Бог и сатана. Борьба продолжается - страница 41

Шрифт
Интервал


17 августа 1868 года мечта Пьера Геранже сбылась: семь молодых женщин приняли монашеские обеты. Женни, самую молодую из них, подруги избрали настоятельницей: она взяла имя Цецилии, а монастырь в то же время стал считать своей покровительницей святую Цецилию.

Живя в гармонии со своей общиной, Пьер Геранже придерживался таких мыслей, которые сразу должны были бы вызвать мою симпатию. Он боролся с рационализмом, который начинал проникать в Церковь. Он очень интересовался мистиками и теми необычными физическими явлениями, о которых рассказывалось в их житиях. Его, наверное, даже больше интересовал не столько сам мистический опыт как таковой, сколько впечатляющие события из жизни мистиков. В любом случае именно этим оборачивалась его увлеченность мистическими видениями. К сожалению, эта область слишком деликатна, и к тому же силы зла никогда не преминут посеять здесь семена смуты, умножая ложные чудеса, видения, да и самих лжемистиков: ведь ложь – лучшее средство дискредитировать истину.
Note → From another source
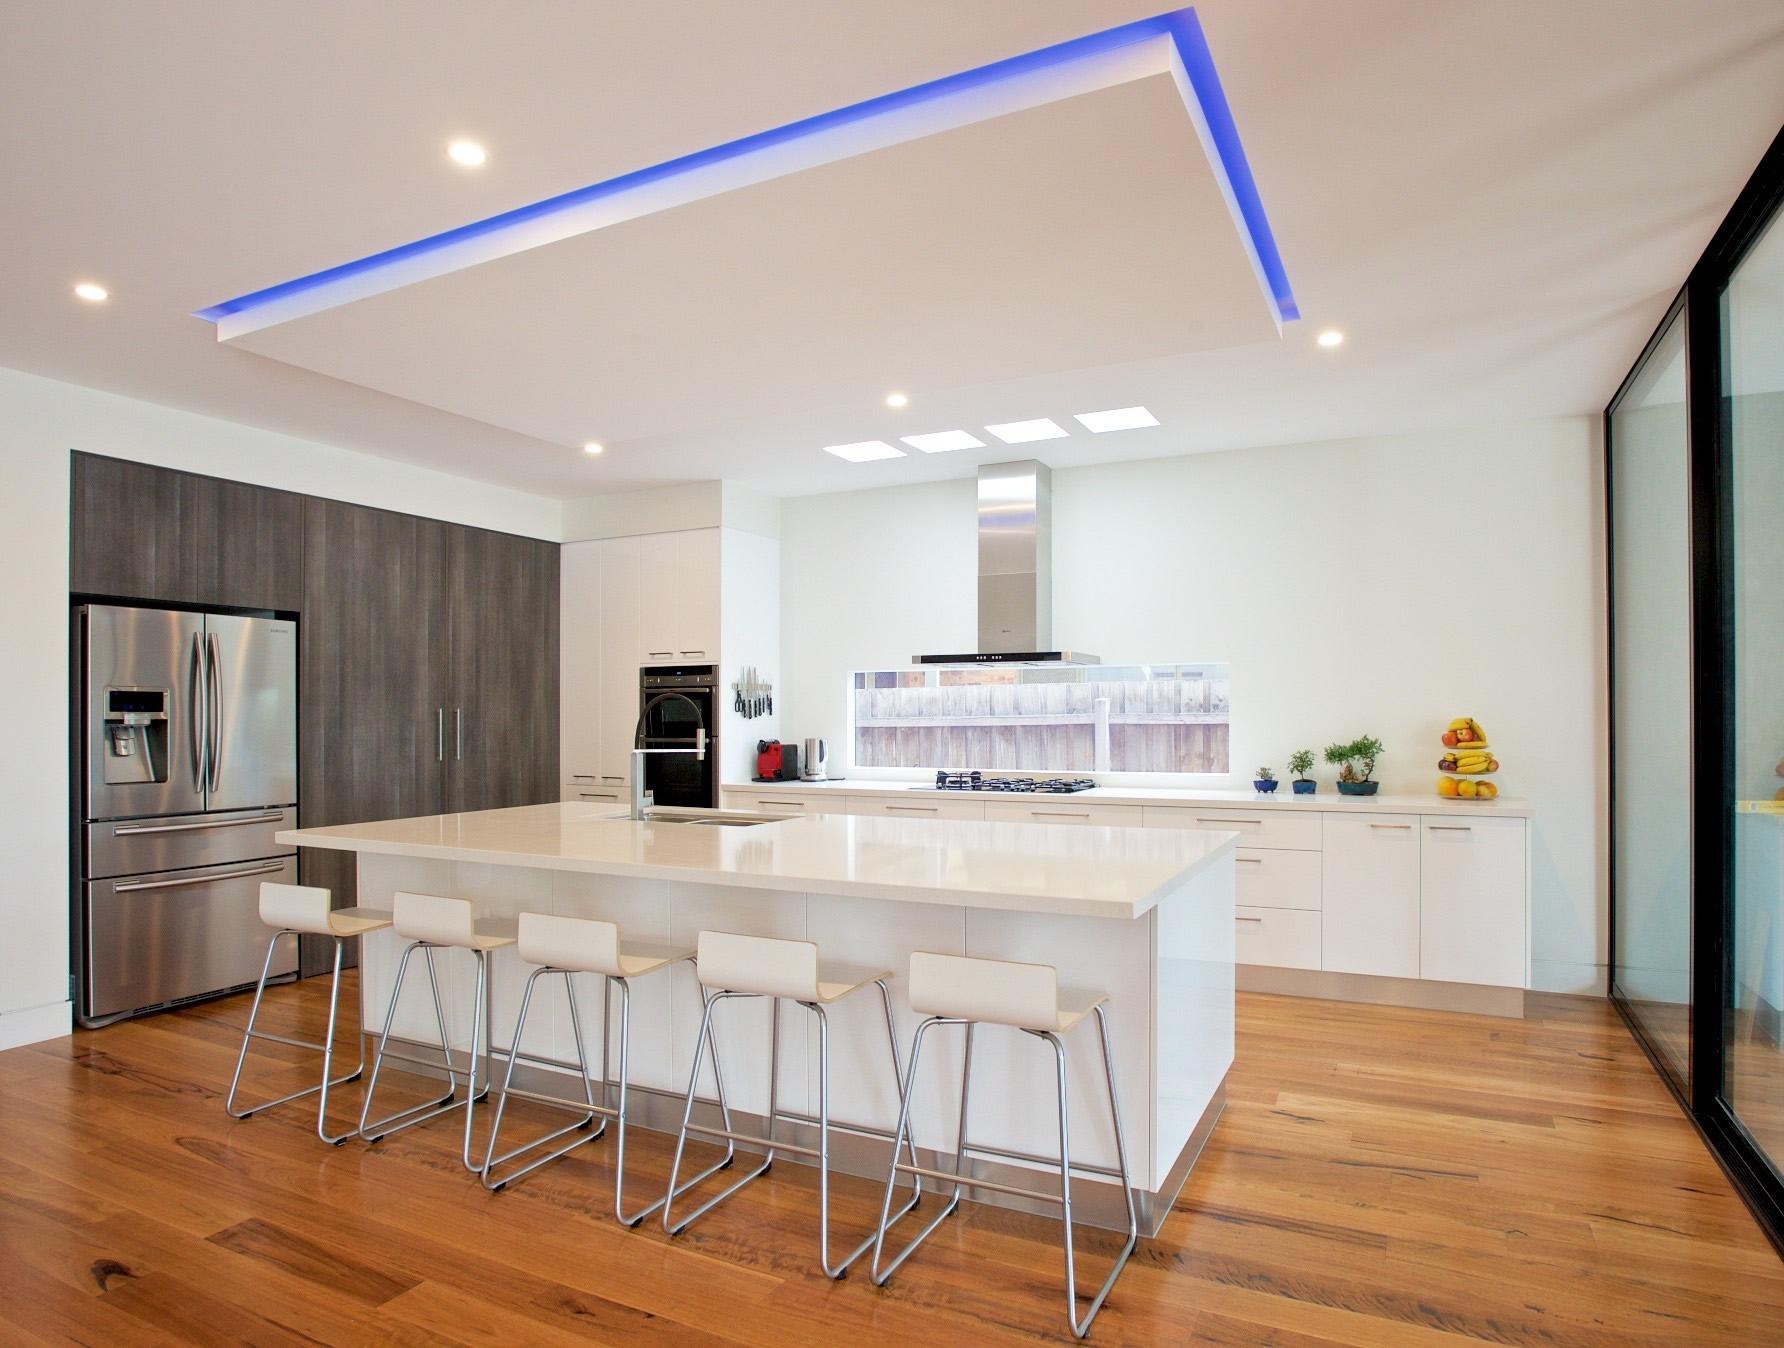 Ac v kitchens custom kitchen design melbourne for Kitchen design melbourne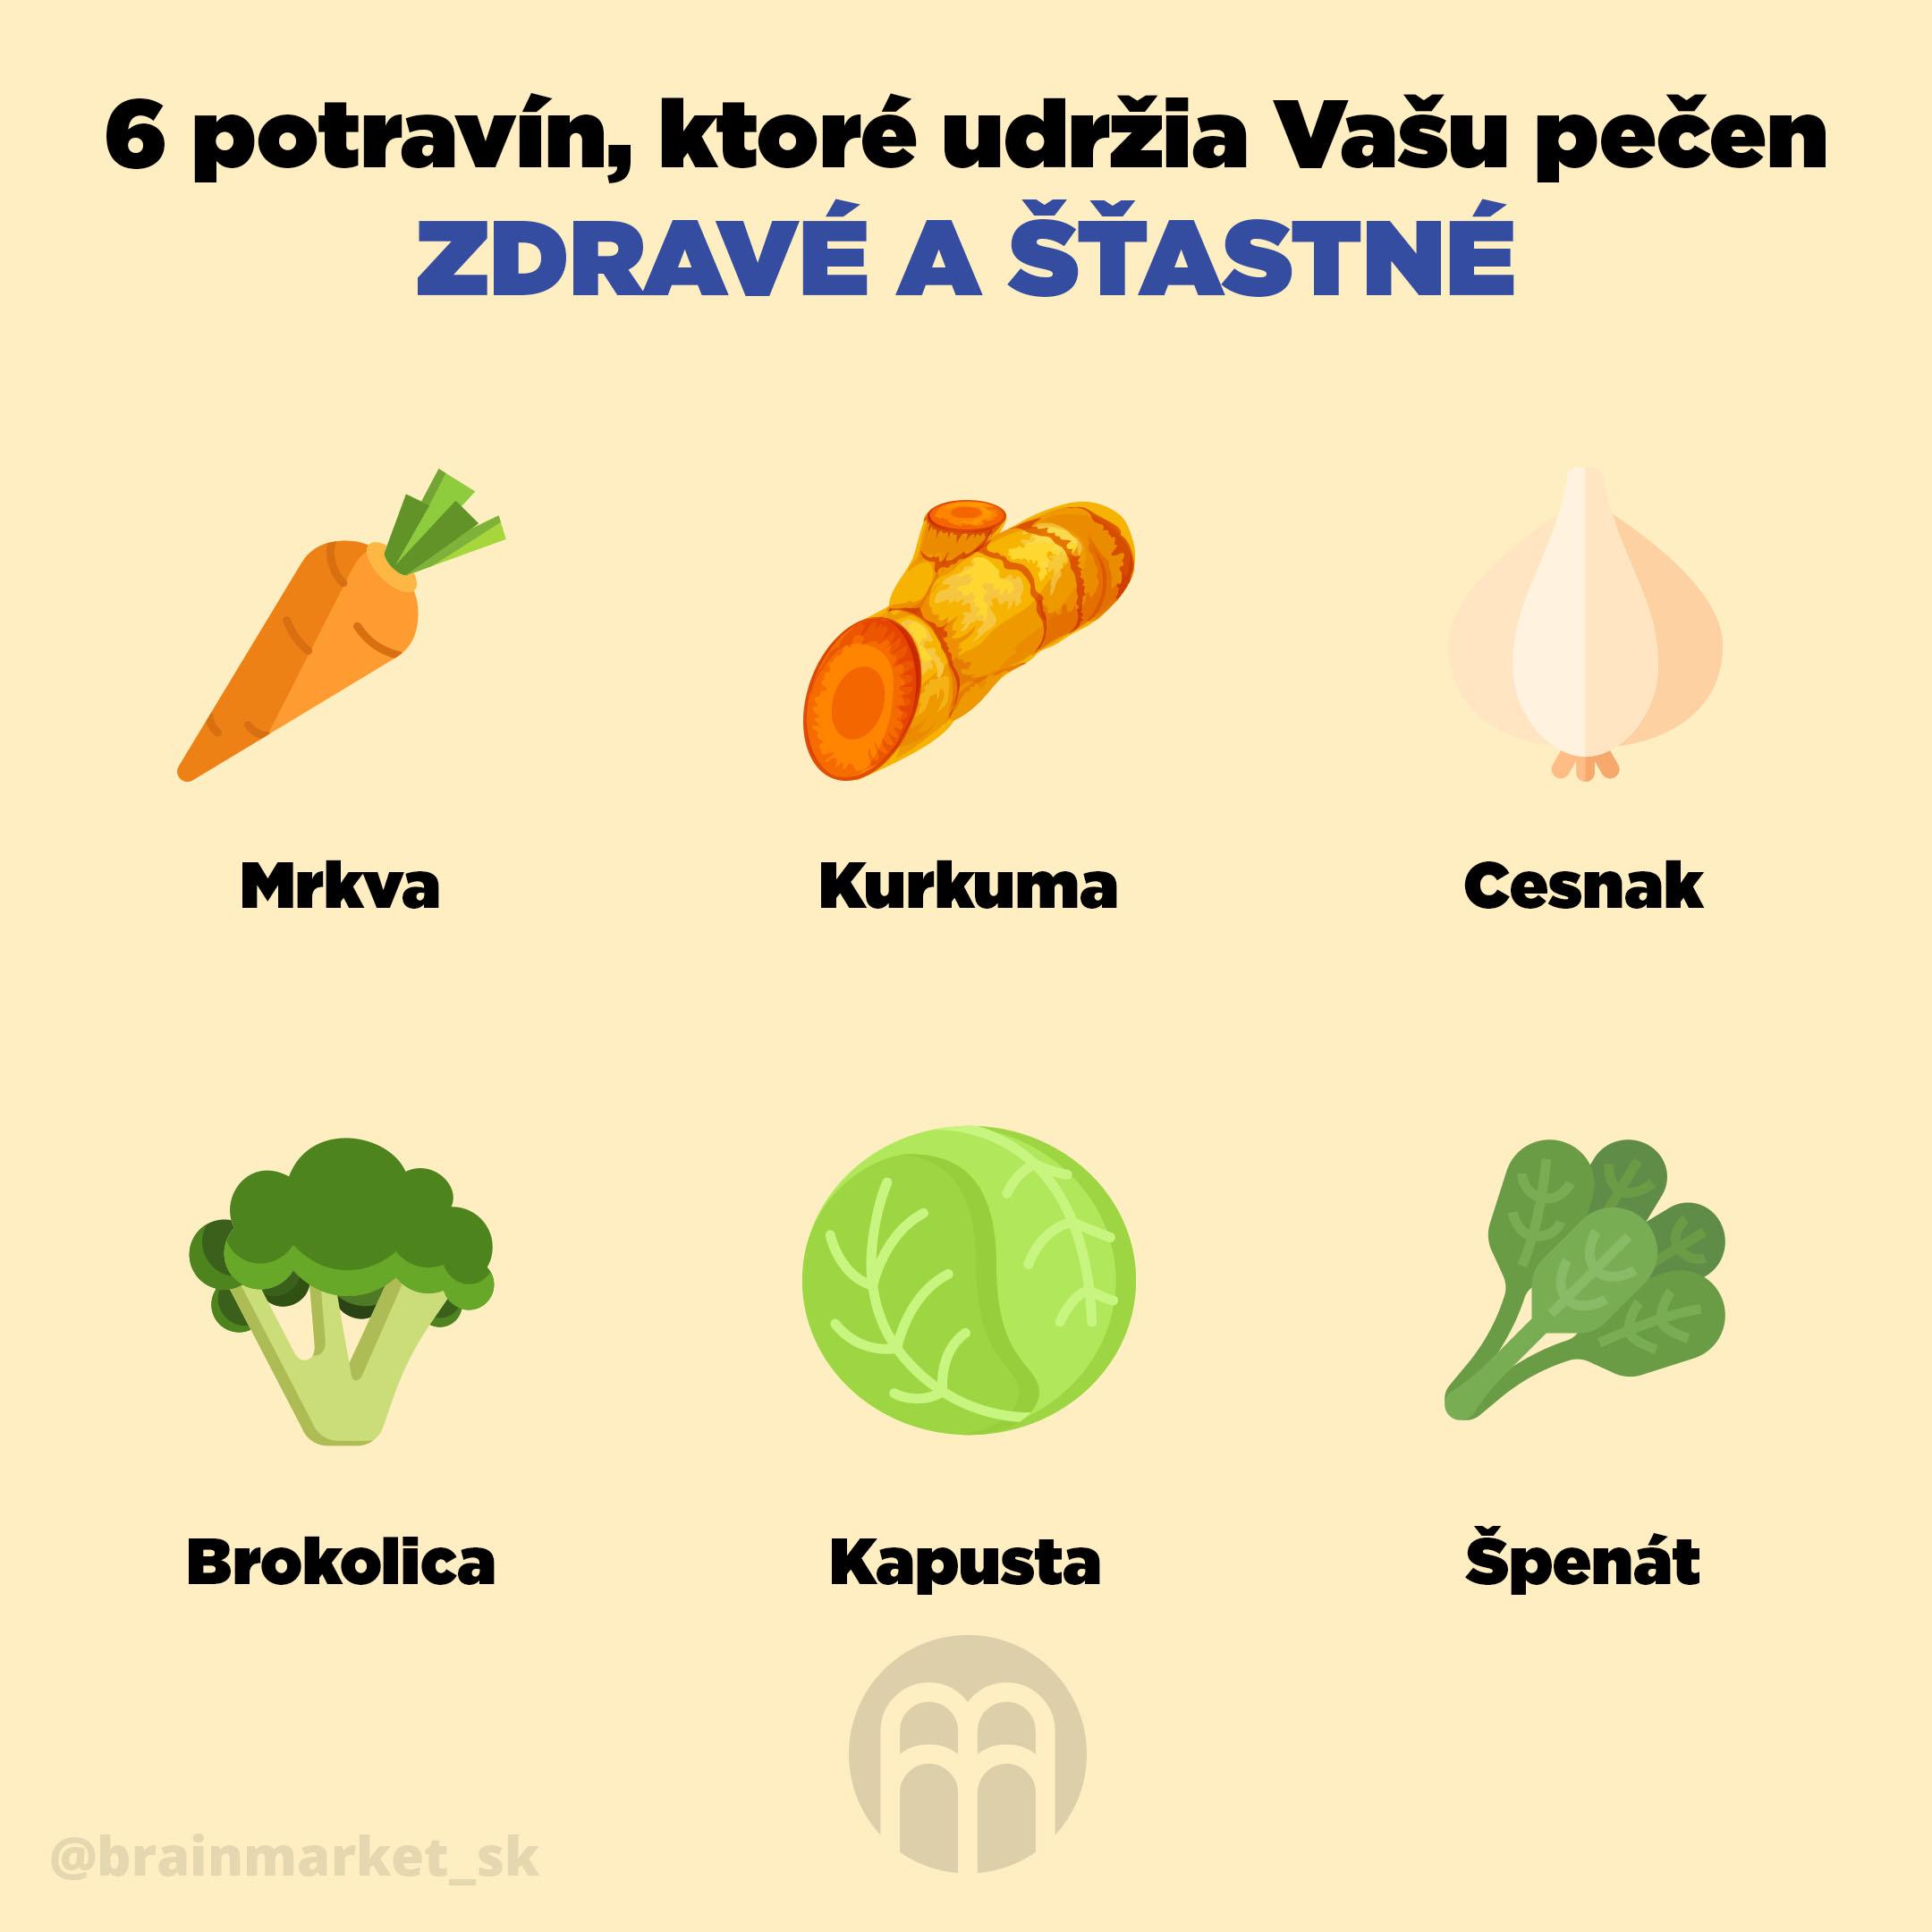 jatra_zdrave_a_stastne_SK_Infografika_Instagram_BrainMarket

Вот тут, как мне кажется, Пьер Геранже не слишком умел отличать одно от другого.

Этот недостаток усугублялся глубокой уверенностью в том, что Бог призвал солемскую общину сыграть главную роль в обновлении французской, да и вообще всемирной Церкви. Чтобы лучше осуществить эту миссию, солемский игумен вскоре добился того, что Рим пожаловал Женни Брюйер сан аббатисы. После этого стали множиться «мистические явления»: например, одна из монахинь увидела, что на головах аббата и аббатисы горит по яркой звезде.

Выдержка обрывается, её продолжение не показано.